Wimbledon 2017 controversies: From Bernard Tomic’s comments to sexist decisions by organisers

Wimbledon is never without controversies, and this time, they have already crept in with just halfway through the tournament. Here are the top five controversies that have rocked the tournament so far.

By: Express Web Desk | Published:July 11, 2017 7:10 pm
Wimbledon 2017, Bernard Tomic, Brad Gilbert, Andy Roddick, Kei Nishikori Defenders of Bernard Tomic have said he has been attacked for being honest and that other players sometimes feel the same. (Source: File)

Wimbledon 2017 saw an exciting Manic Monday with thrilling matches that included the longest match of the tournament so far, amazing shots and major upsets. Wimbledon is never without controversies, and this time, they have already crept in with just halfway through the tournament.

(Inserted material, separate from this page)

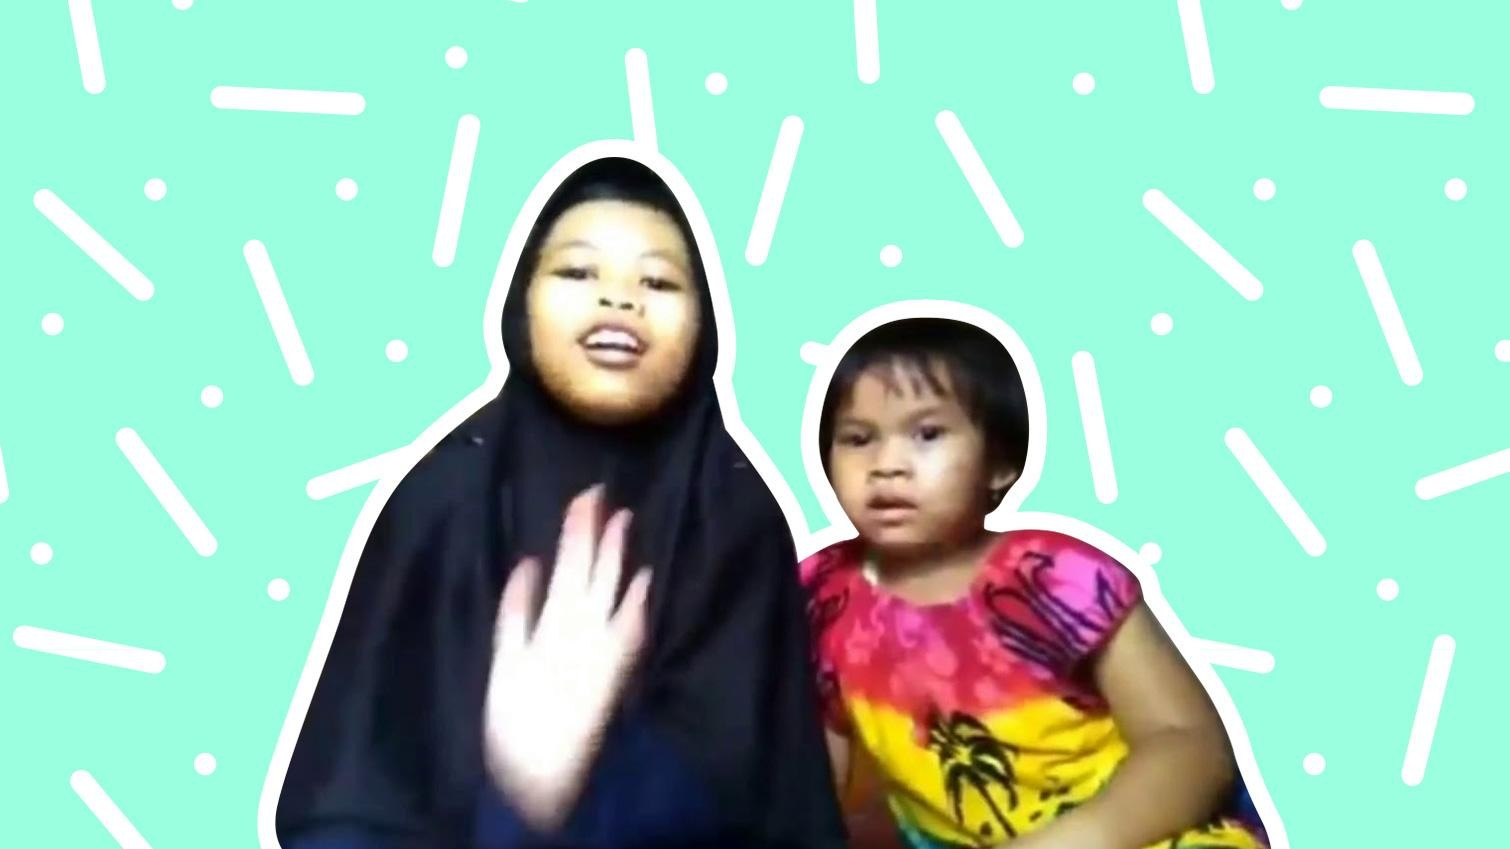 6 Anak Kecil Ini Jadi Terkenal Karena Videonya Viral Siapa

Here are the top five controversies that have rocked the tournament so far:

Bernard Tomic’s comments

Australian Bernard Tomic earned the ire of his country as well as the tennis fraternity when he claimed that he has fallen out of love with the game and does not care anymore about how he performs after he made a first-round exit at Wimbledon on Tuesday as he was comprehensively beaten 6-4, 6-3, 6-4 by Mischa Zverev.

Poor grass quality

Andy Murray, Roger Federer have been among the tennis players to complain about the quality of grass at Wimbledon. The unusually hot weather throughout the first week is mostly the reason behind the poor grass quality. Kristina Mladenovic has claimed players are at risk of injury while Murray said that the courts were not as good as the previous years.

Wimbledon officials accused of sexism

Wimbledon officials came under fire on Monday when they gave preference to men’s matches on biggest courts during Manic Monday as only Venus Williams and Johanna Konta played on Centre Court. “I wouldn’t say it’s favouritism. I’d just say it’s taking the marquee matches. In the end it’s not about male/female, it’s about which matches you think are the ones the public and the broadcasters would like to see. It’s about who are the star players at the time,” said chief executive Richard Lewis.

Wimbledon organisers chose to showcase the “Big Four” men over women’s top players.